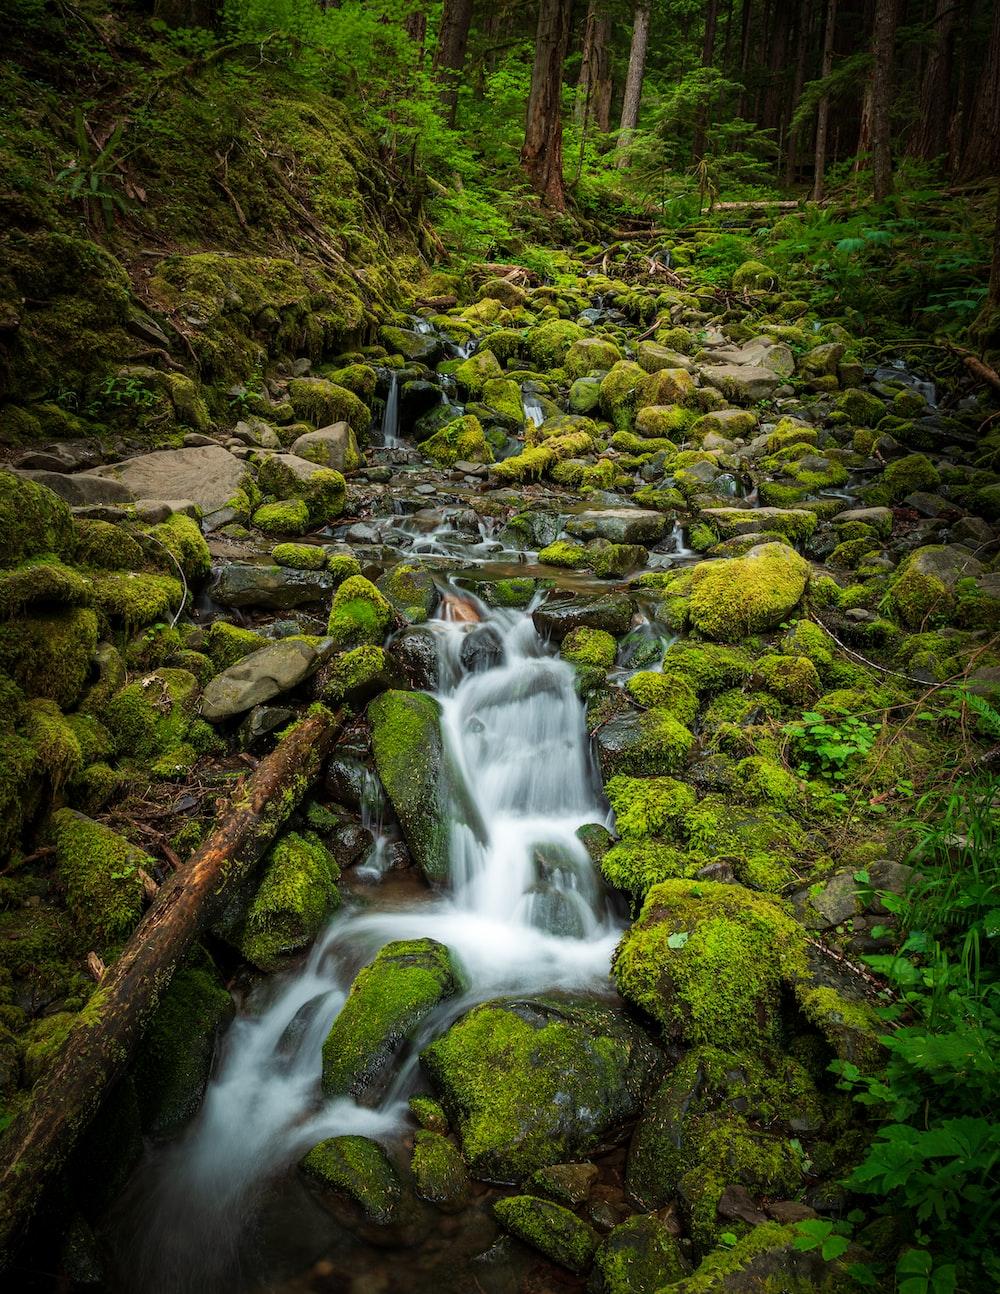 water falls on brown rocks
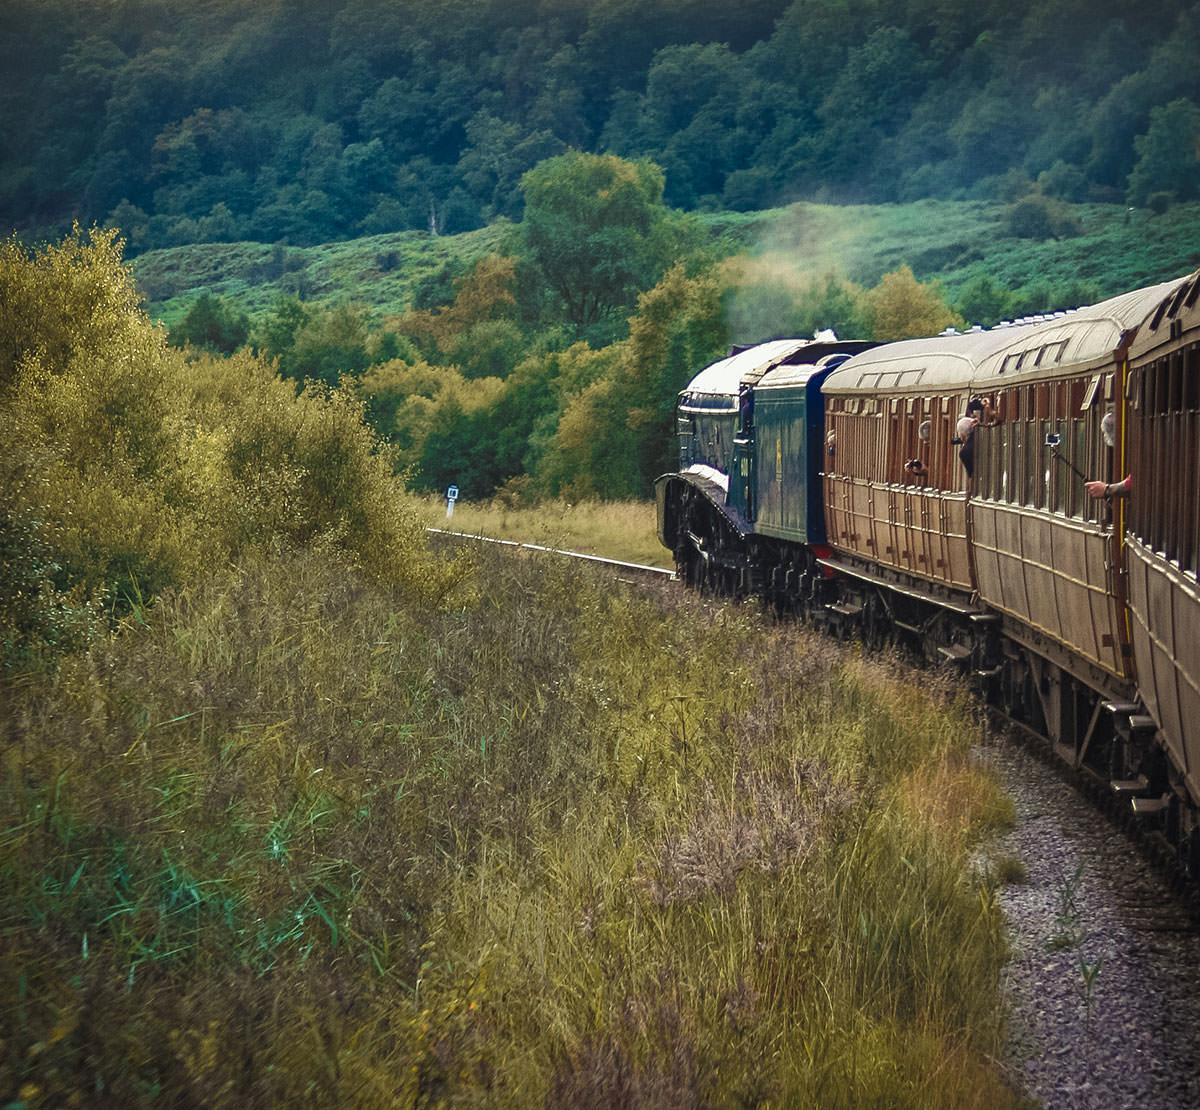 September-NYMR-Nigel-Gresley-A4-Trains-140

--

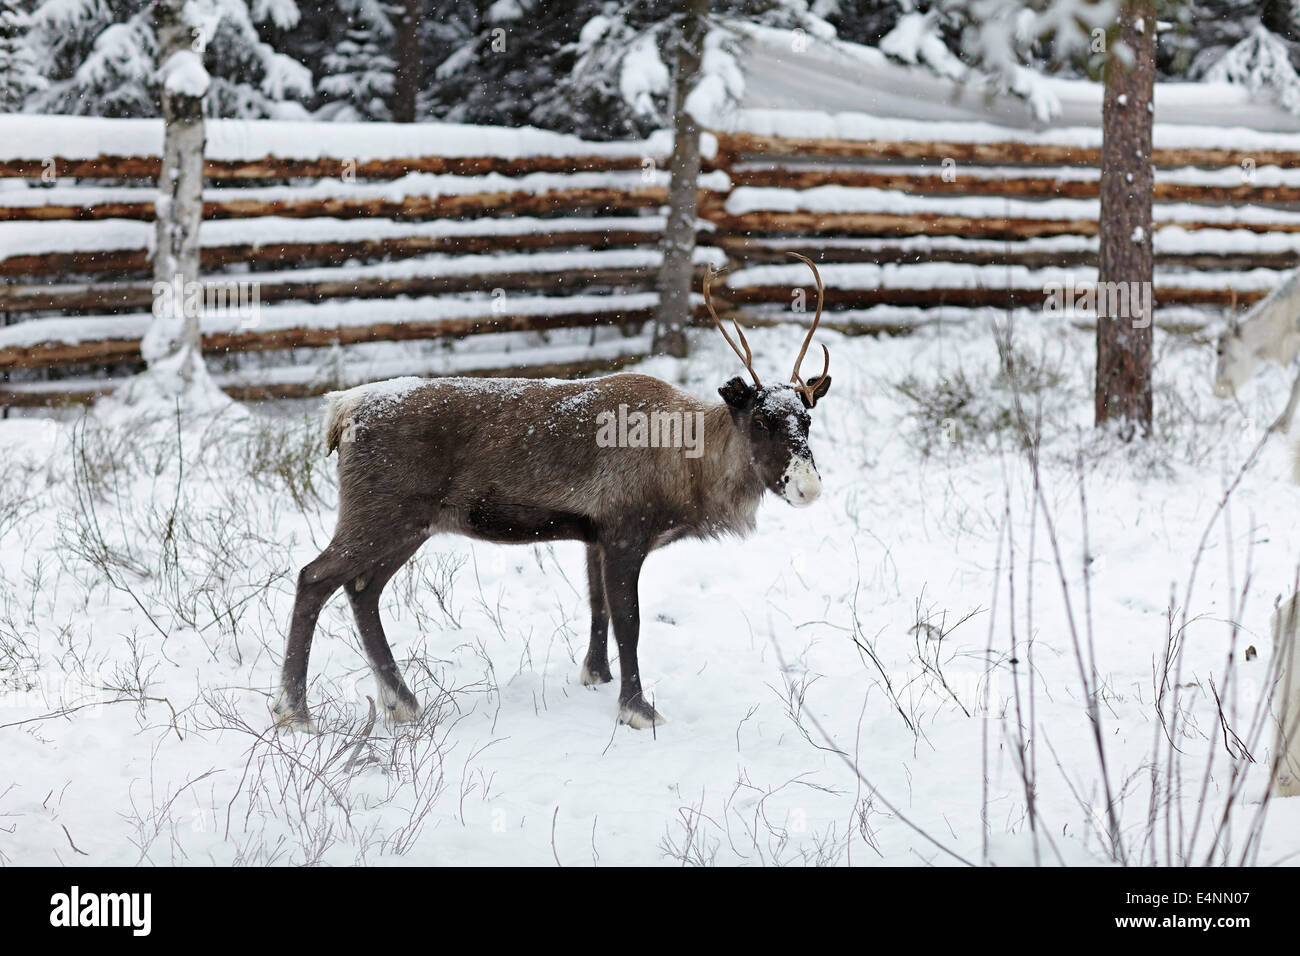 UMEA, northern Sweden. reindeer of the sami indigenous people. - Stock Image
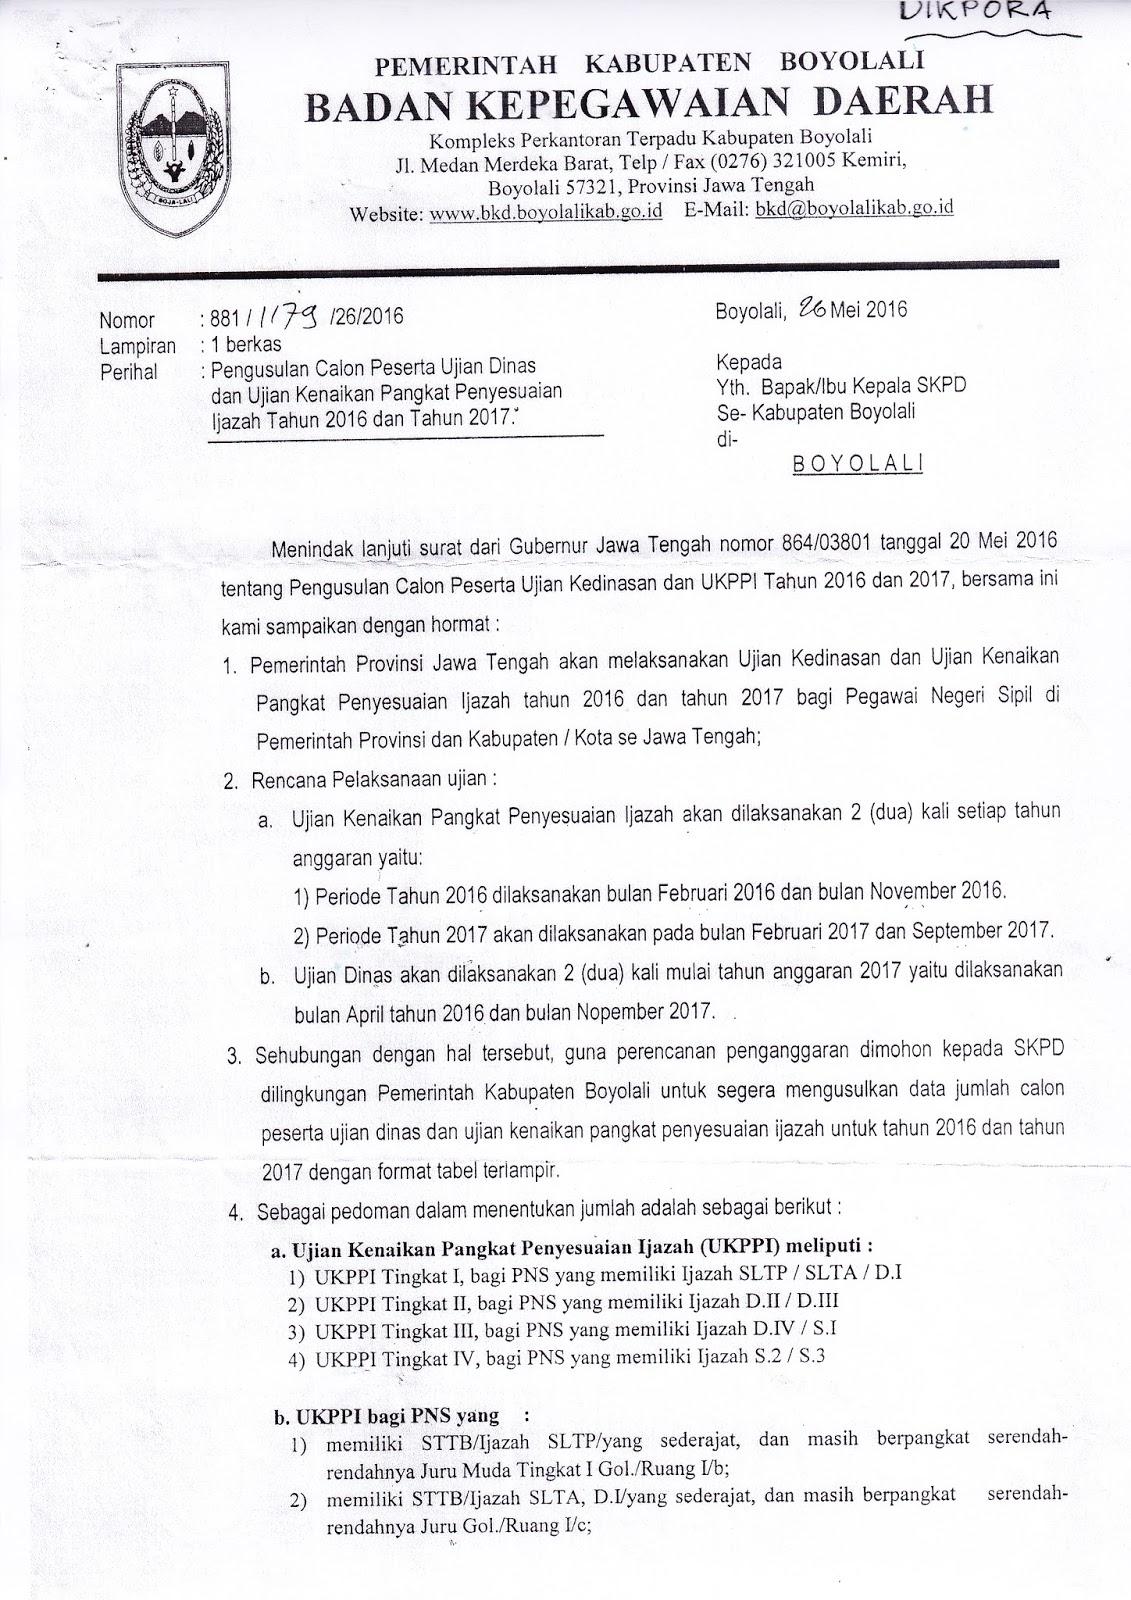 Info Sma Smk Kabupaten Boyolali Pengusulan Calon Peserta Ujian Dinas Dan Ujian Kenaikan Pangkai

Problem to solve >> Given the listing above, retype only the span of lines from the line with "UMEA, northern Sweden." up to and including the line with "Info Sma Smk", exactly as it stands and without pictures.

Your response >>
 UMEA, northern Sweden. reindeer of the sami indigenous people. - Stock Image
 Info Sma Smk Kabupaten Boyolali Pengusulan Calon Peserta Ujian Dinas Dan Ujian Kenaikan Pangkai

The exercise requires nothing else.